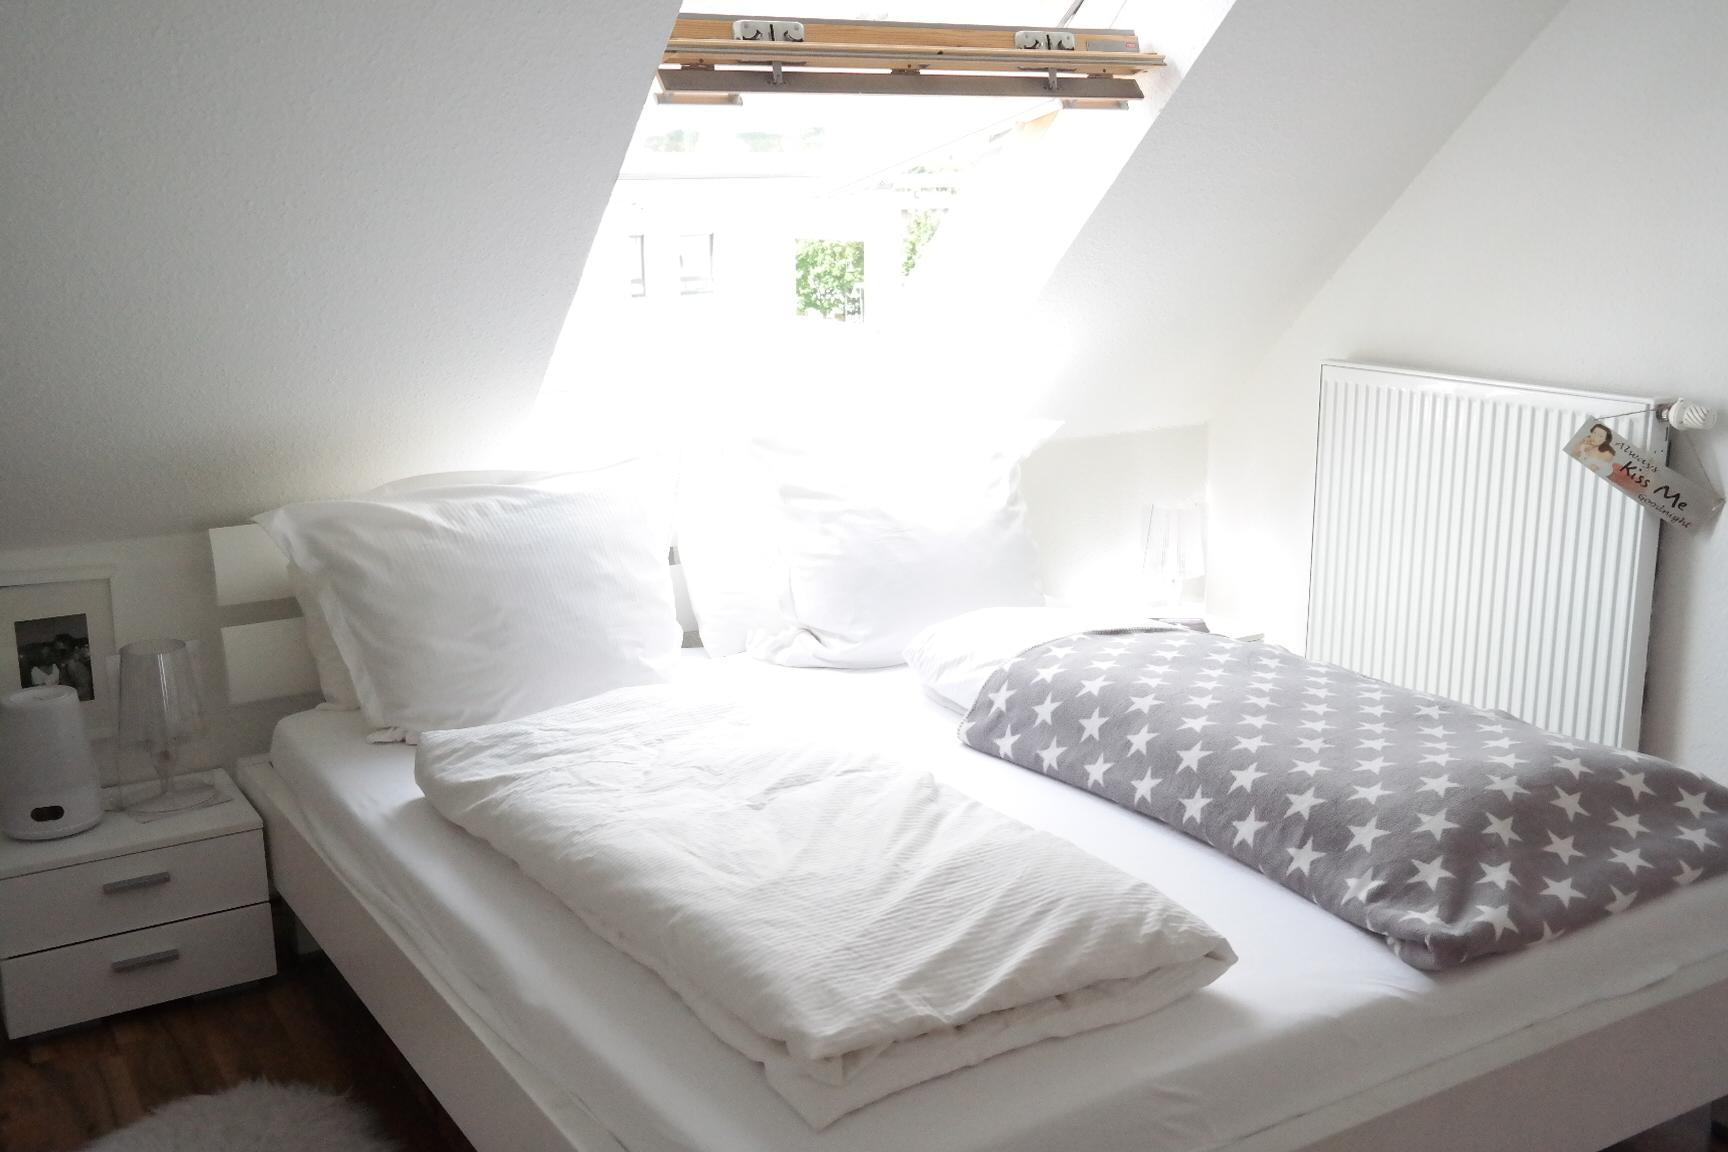 Attraktiv MissBB Schlafzimmer Bonn Weiß Phillips Wake Up Light Wecker Bettwäsche Weiß  Gesund Schlafen
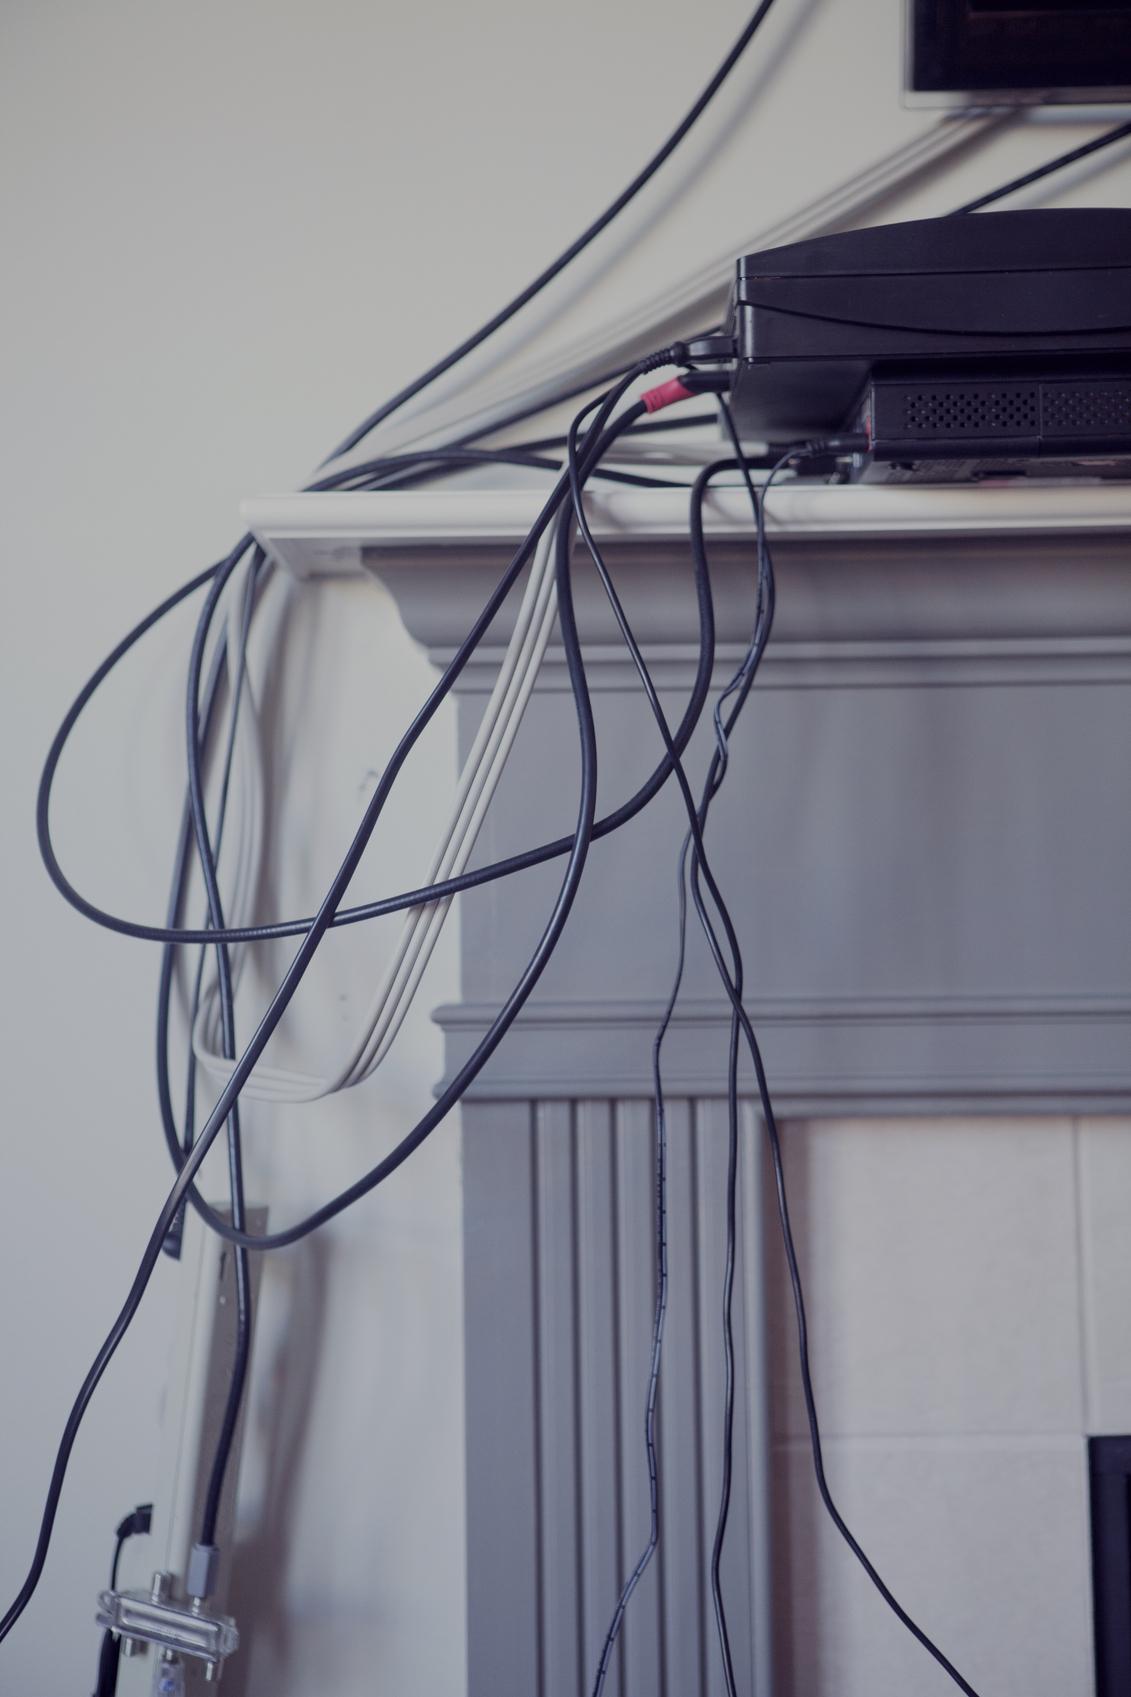 How to Hide TV Cables | Blain\'s Farm & Fleet Blog
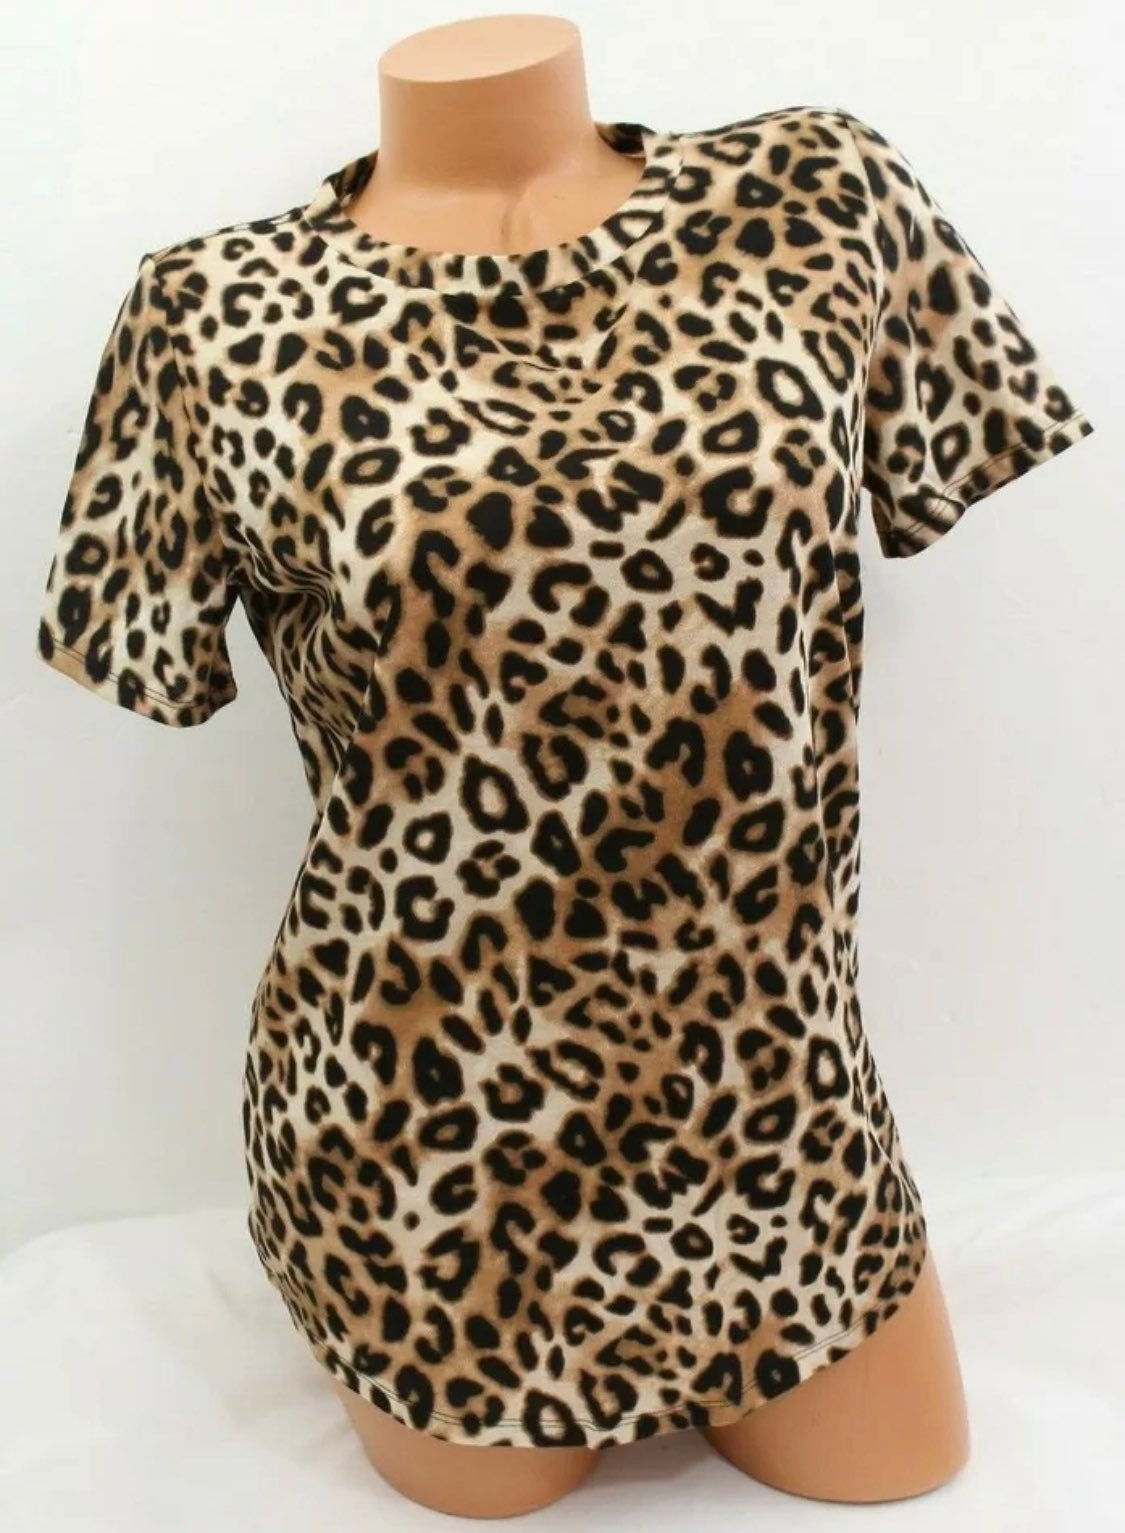 VS PINK Tee Cheetah Leopard Size L NWT
----------------
[The problem] The entire listing above, minus its pictures, should be copied out exactly.

[Result of the exercise]
 Attraktiv MissBB Schlafzimmer Bonn Weiß Phillips Wake Up Light Wecker Bettwäsche Weiß  Gesund Schlafen
 How to Hide TV Cables | Blain\'s Farm & Fleet Blog
 VS PINK Tee Cheetah Leopard Size L NWT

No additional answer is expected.